Horn tiró de la manga de Bane.
—¿Qué habéis visto ahí atrás?
—Chitón, chaval. No pienso salir de este valle yendo en esa dirección. Y
no se hable más.
—Eso, a callar —dijo Ruark, y le propinó un empujón al muchacho para
que se pusiera en marcha.
§
El grupo vadeó el río con los rápidos arremolinados en torno a las espinillas,
se adentró en la aldea y traspuso el pórtico abierto en la empalizada después
de que Stevens alertara a los ocupantes de su llegada. Una decena de mujeres
de diversas edades interrumpieron sus quehaceres y observaron en silencio a
los visitantes. Se cubrían con largos vestidos de sencilla manufactura, de
inequívocas connotaciones cuáqueras, así como con gorros sin distintivos y
pañoletas en la cabeza. Presentaban un aspecto aseado y no parecía que las
acuciara el hambre. Tenían los dientes blancos. Varias se retiraron de
inmediato a la estructura central, una especie de casa comunal. Otras
desaparecieron en el interior de las viviendas, de menor tamaño. Una de las
muchachas más jóvenes dirigió una sonrisa a hurtadillas a Miller. Saltaba a la
vista que le faltaba un verano. Su vestido, de escote bajo, revelaba unas
curvas exuberantes y un vientre abultado por el embarazo; Miller se ruborizó
y apartó la mirada. Las gallinas picoteaban el suelo entre la maleza. Un par de
cabras deambulaban de aquí para allá, y una pequeña jauría de chuchos se
acercó gañendo para olisquear las piernas de los hombres.

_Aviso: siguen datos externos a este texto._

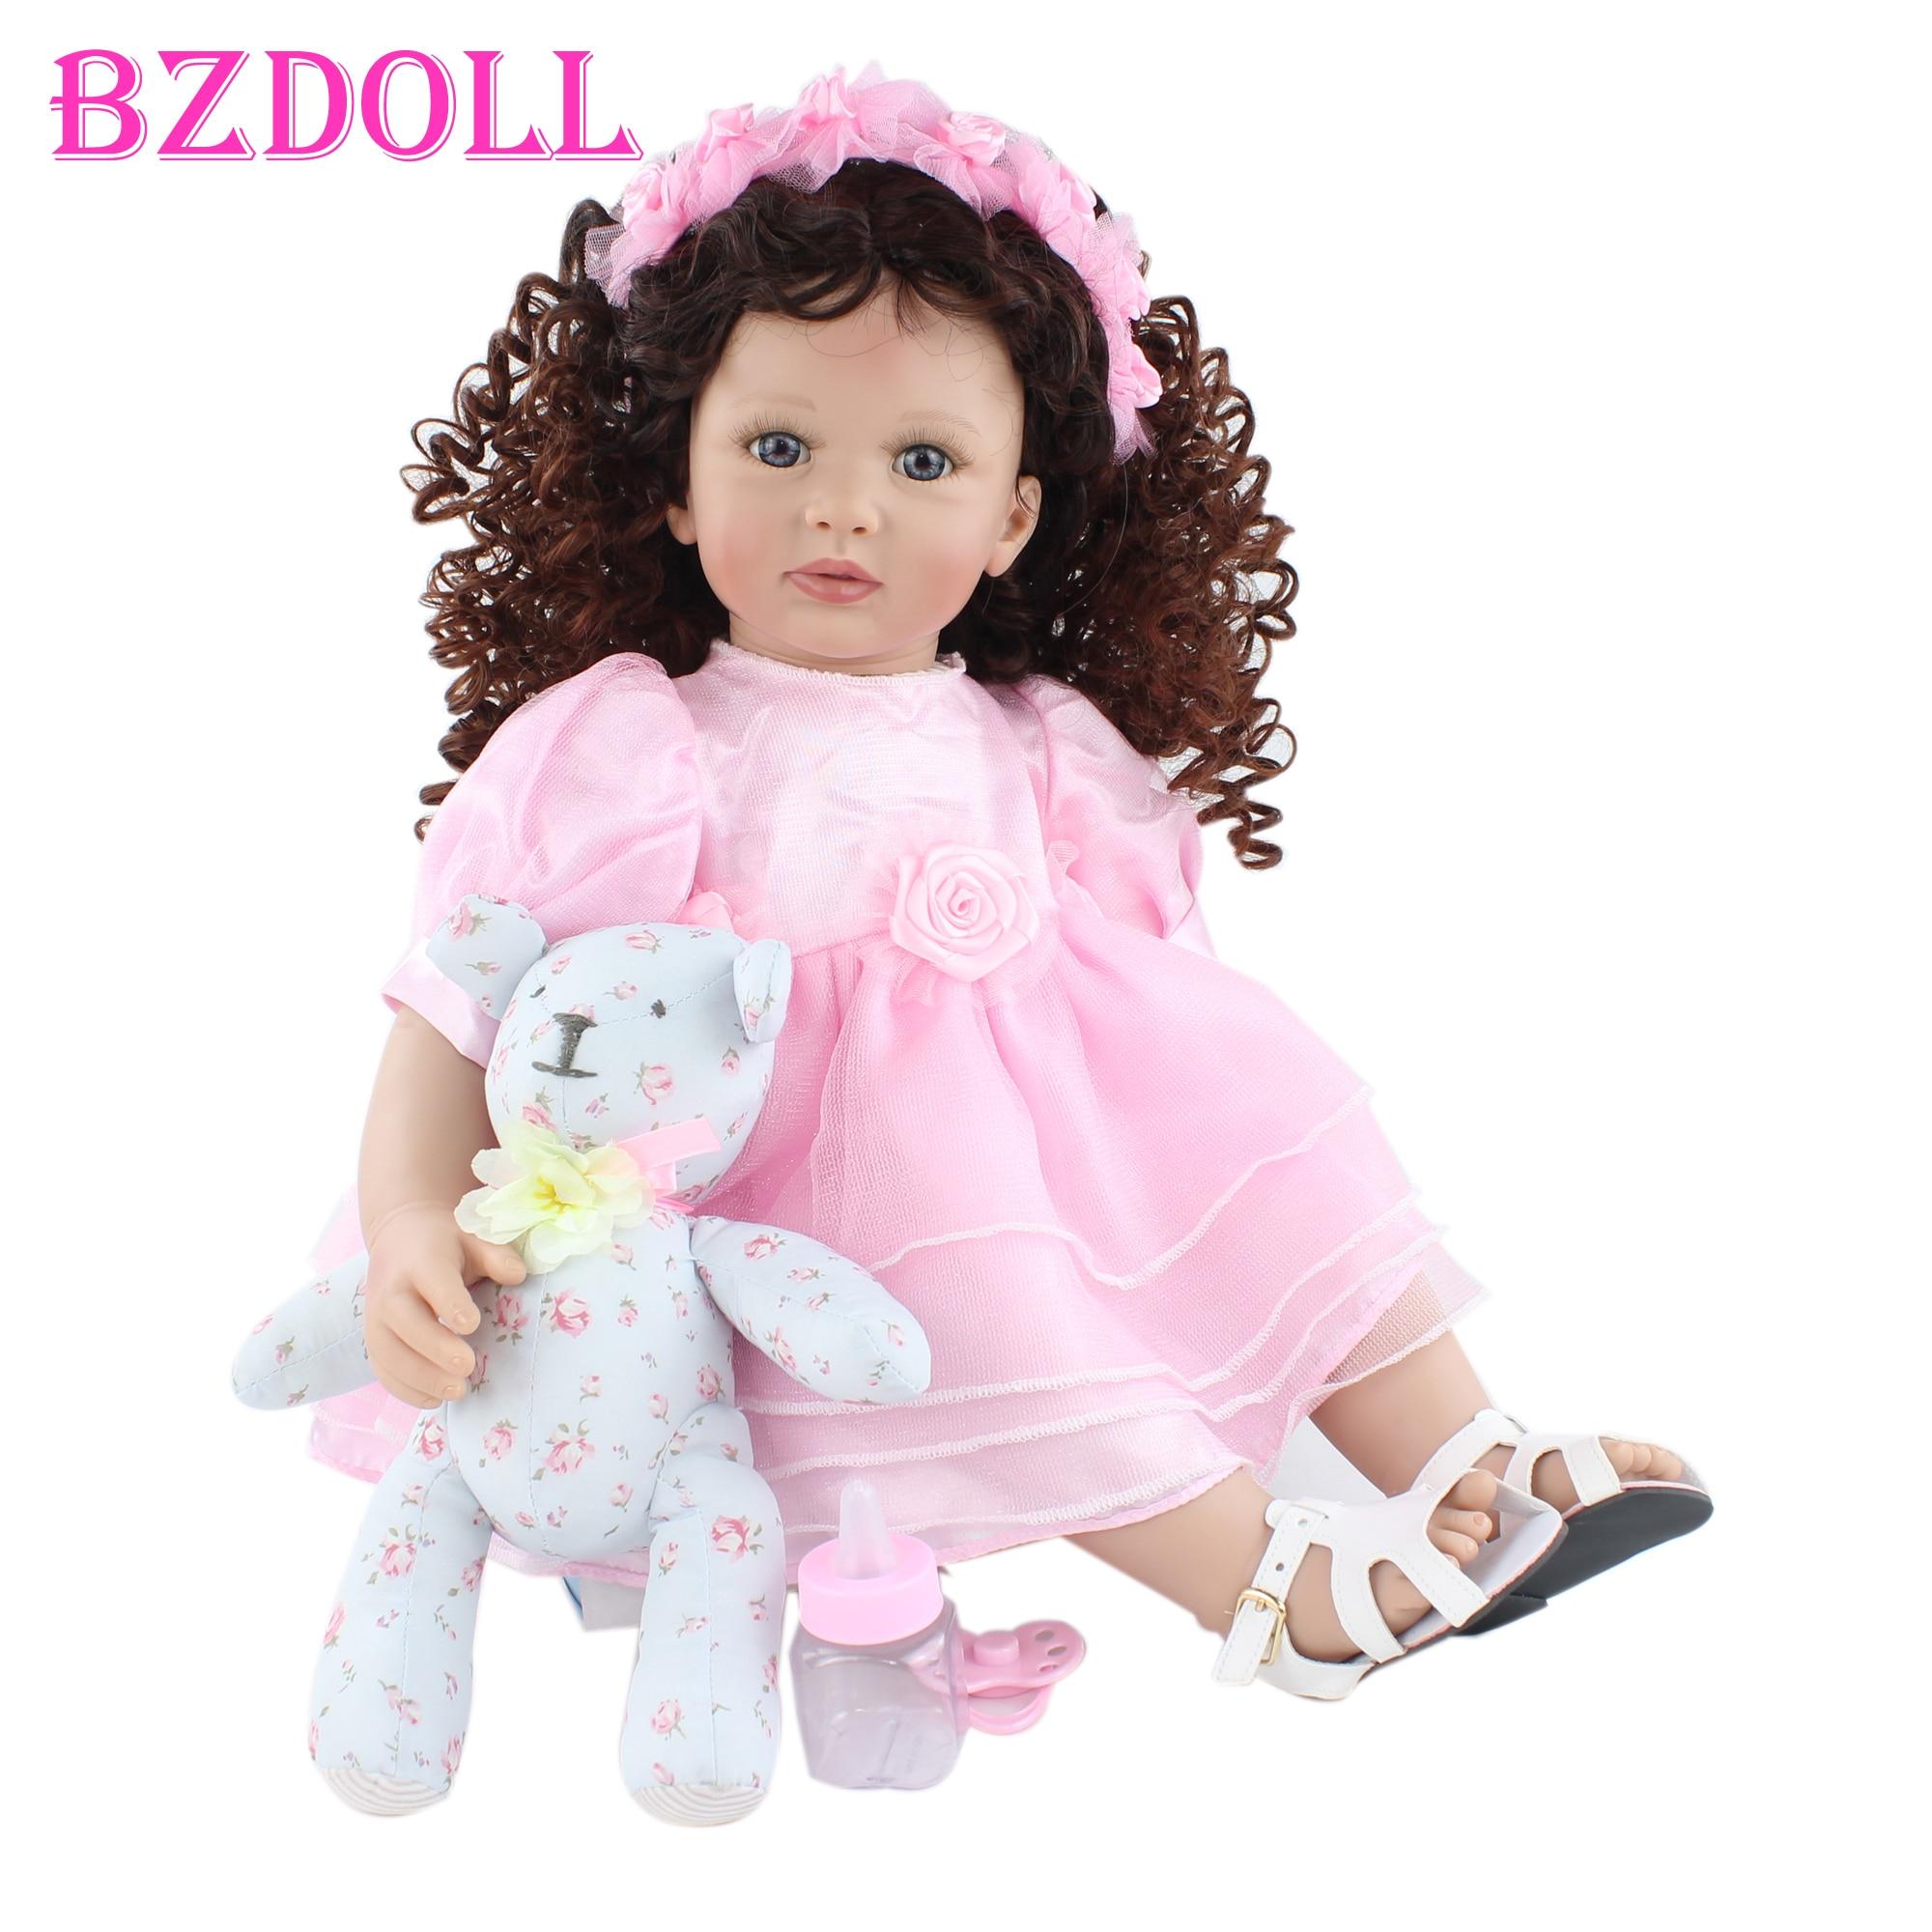 BZDOLL Reborn BZDOLL 60cm Soft Silicone Reborn Toddler Doll For Girl Cloth Body Pink Dress Princess Baby Lovely Kids Birthday Gift Play House Toy

Una matrona fornida, de cabellos canosos, se adelantó para recibir a la
compañía. También ella les ofreció una sonrisa cordial.
—Hola, forasteros. Bienvenidos —dijo, con un acento y unos ademanes
extraños, indefiniblemente extranjeros.
—Con permiso, señora. —Stevens se quitó el sombrero y lo estrujó entre
las manos, nervioso—. Perdón por la intromisión y todo eso, pero es que
andamos tras la pista de un par de chicos que pertenecen a nuestro grupo.